New Build RAID 1 causing windows blue screen crash

rwbil

Reputable
Jul 11, 2014
3
0
4,510
New Build. I7 4790K; Gigabyte Z97 MB. SSD and 2 1TB HDDs, Installed OPS on SSD and every thing boots fine. Initialized the 2 HDD drives but did not create a volume. Went into BIOS and set:

SATA mode selection to RAID
M.2 PCIE SSD RAID Mode – Enabled
SATA Express SRIS capabliltites - Disabled

Went into Intel chipset (CNTRL-I) Selected to create a RAID 1 volume and selected the 2 HDD drives. After it completed it showed:

Disk 0 Non RAID disk This is the SSD which contains the OPS
Disk 1 Member Disk (0)
Disk 2 Member Disk (0)

Rebooted and Windows crashes. I have window 7 home premium so I do not think there is a Mirrow Volume option.

Set everything back to default and windows 7 came up fine.
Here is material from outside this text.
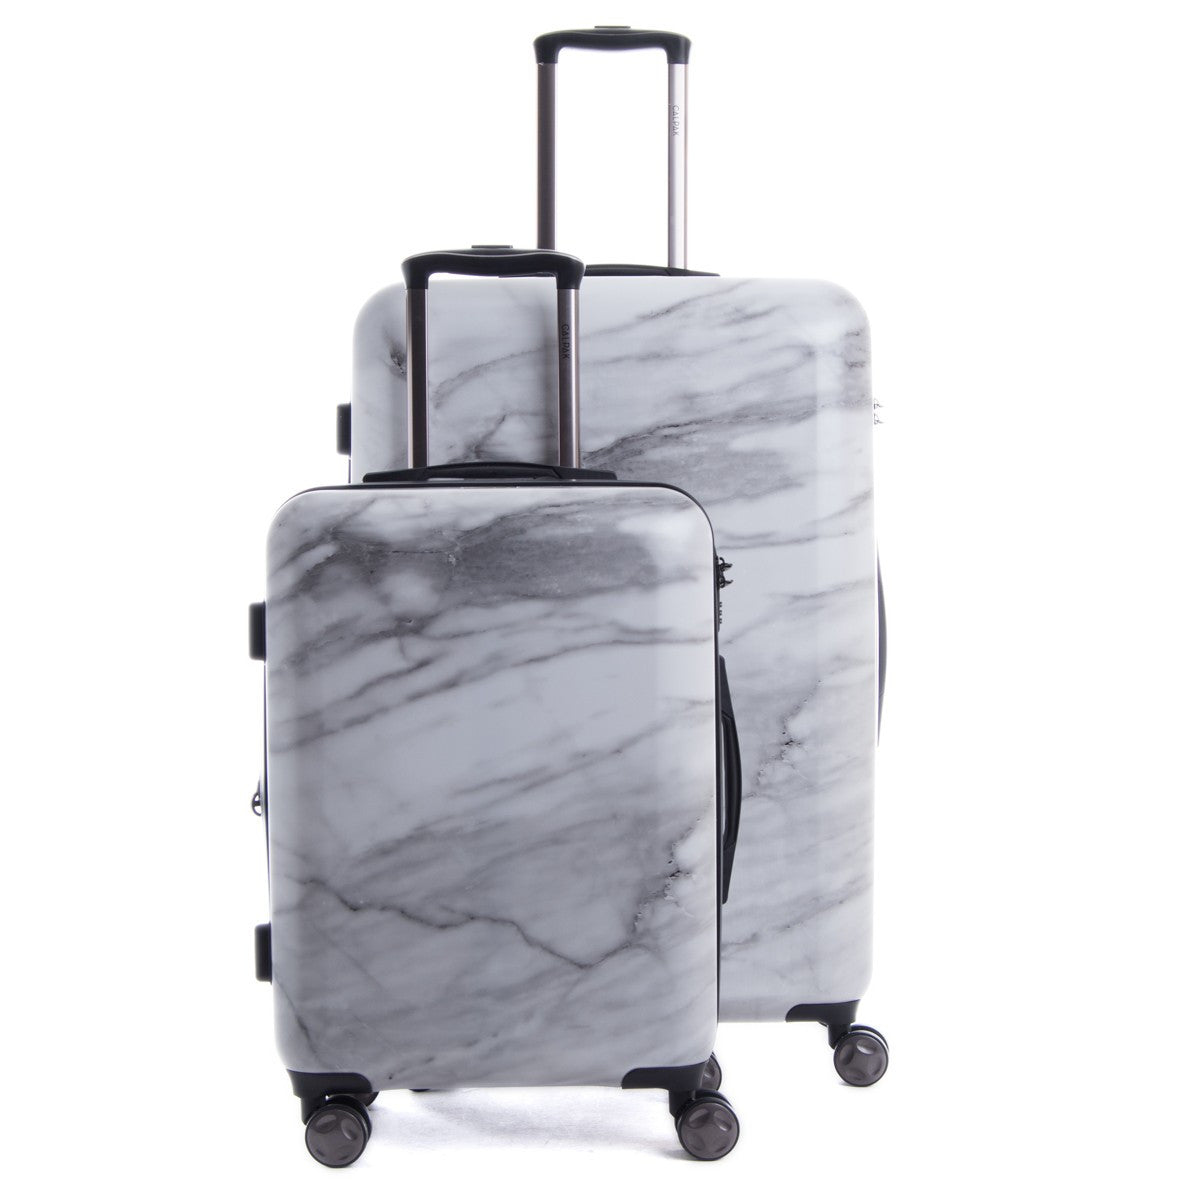 Astyll 2-Piece Luggage Set in Milk Marble
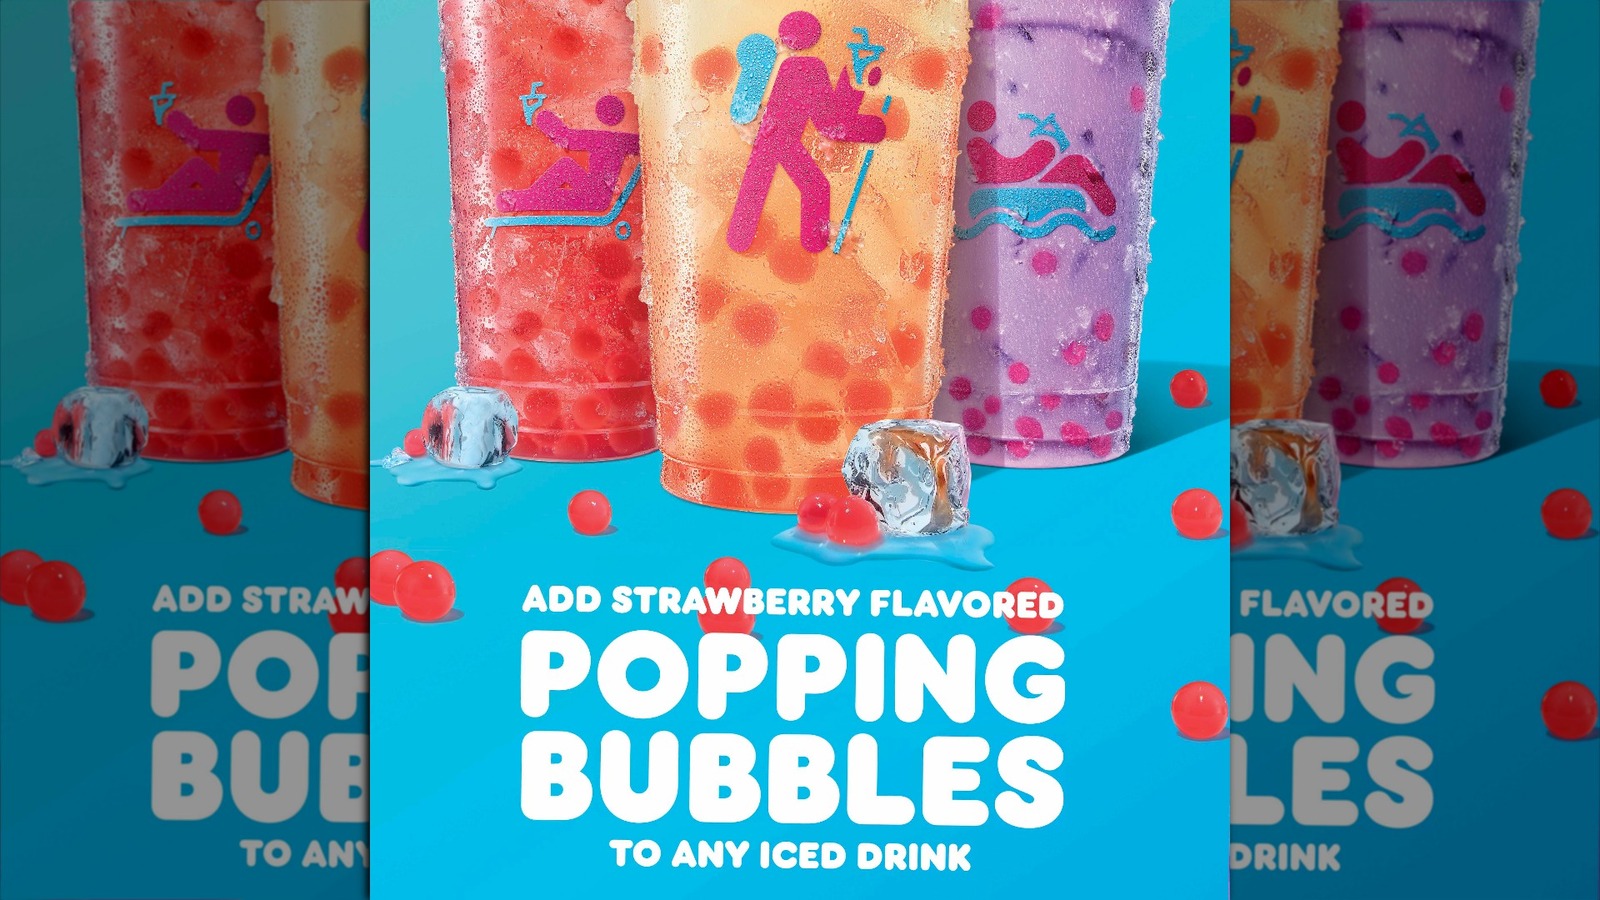 Here's What Dunkin's New Popping Bubbles Taste Like

Do I need to setup as a RAID before installing windows?

Any suggestions?
 
Solution
Interesting comment. If what you really planned was to have a reliable backup system for your HDD, RAID1 is NOT that! It does automatically make two copies of everything put to the HDD, BUT it has major failings as a backup system. Any incorrect data written, either by honest mistake or by malware etc. will instantly write to BOTH halves of the RAID1 array, so there is NO preservation of the "good" data. Power glitches that damage your machine and/or drives likely will damage BOTH, so no safety there, either. Stuff you delete by mistake and then wish to recover is still GONE!

If you want a reliable backup system, a second HDD is a good medium to use, although sometimes it is better if it is larger than the first HDD. That is because a...

Paperdoc

Polypheme
Ambassador
The sequence you used is correct - install Windows on a boot device, then install additional HDD units, then use the RAID management utility to create the RAID array and initialize it. Now what SHOULD happen is that, on the next boot, Windows loads from the C: drive and discovers a new device (the RAID array) and loads the required driver for it. Obviously that is not happening.

Check this, When you boot, go immediately into BIOS Setup and check what device is set as the boot device - usually in some place like Boot Priority Sequence. Most people would set the optical drive as the first device, then the SSD (jn your case) that contains the OS. But be sure that the RAID array and its HDD units are NOT anywhere in the boot device list. I'm thinking that, once you added the HDD units, your BIOS automatically assumed that they would be the first boot device and it can't do that because Windows can't read an empty RAID array. If you make any changes in BIOS Setup, remember to SAVE and EXIT to reboot using the new settings.
 

rwbil

Reputable
Jul 11, 2014
3
0
4,510
I checked the boot sequence and even disabled the RAID from the boot options. Did not make any difference. I set the SSD as 1st in boot process. Played around for another 1hour or so trying different BIOS setting, but nothing worked. I think I might just use a backup program at this point instead of RAID 1
 

Paperdoc

Polypheme
Ambassador
Interesting comment. If what you really planned was to have a reliable backup system for your HDD, RAID1 is NOT that! It does automatically make two copies of everything put to the HDD, BUT it has major failings as a backup system. Any incorrect data written, either by honest mistake or by malware etc. will instantly write to BOTH halves of the RAID1 array, so there is NO preservation of the "good" data. Power glitches that damage your machine and/or drives likely will damage BOTH, so no safety there, either. Stuff you delete by mistake and then wish to recover is still GONE!

If you want a reliable backup system, a second HDD is a good medium to use, although sometimes it is better if it is larger than the first HDD. That is because a good system will make several copies of the data over time and KEEP the old copies in case the error you're trying to recover from is old. However, good backup software will make a single full backup, and then a series of Incremental Backup files (only the recent changes) to save space.

The backup unit really ought to be separate from the computer. Then you connect it to power and the computer only when making (or recovering) a backup - at all other times it is disconnected and safe in a storage space. Ideally, that space is in another location from your computer to guard against flood, fire, etc. I remember the system used by professional server administrators in the place I worked. They did TWO backups regularly - one to an on-site tape unit with tape storage on site for quick access, and a second by high-speed data line to a remote service in another part of the country for safety. I vividly remember when the needed it - when two of the five HDD units in the RAID5 server failed at the same time.

You need good software to make it easy to make and retrieve backup files. And you should learn how to check the backup files to be sure they work to get your data back. (I remember years ago the panic in a university data centre when disaster struck and they found they could not read back their backups tapes! Fortunately, they found a way, but considered themselves lucky.) The most important thing you need is some discipline to DO the backup process regularly and store them properly.

Don't want to discourage, but just to illustrate that even the highly improbable can cause trouble, I heard a story that one corporate data centre in the World Trade Centre's Twin Towers had done it all right up to 9/11 but for one detail - their off-site storage location for backups was in the other tower!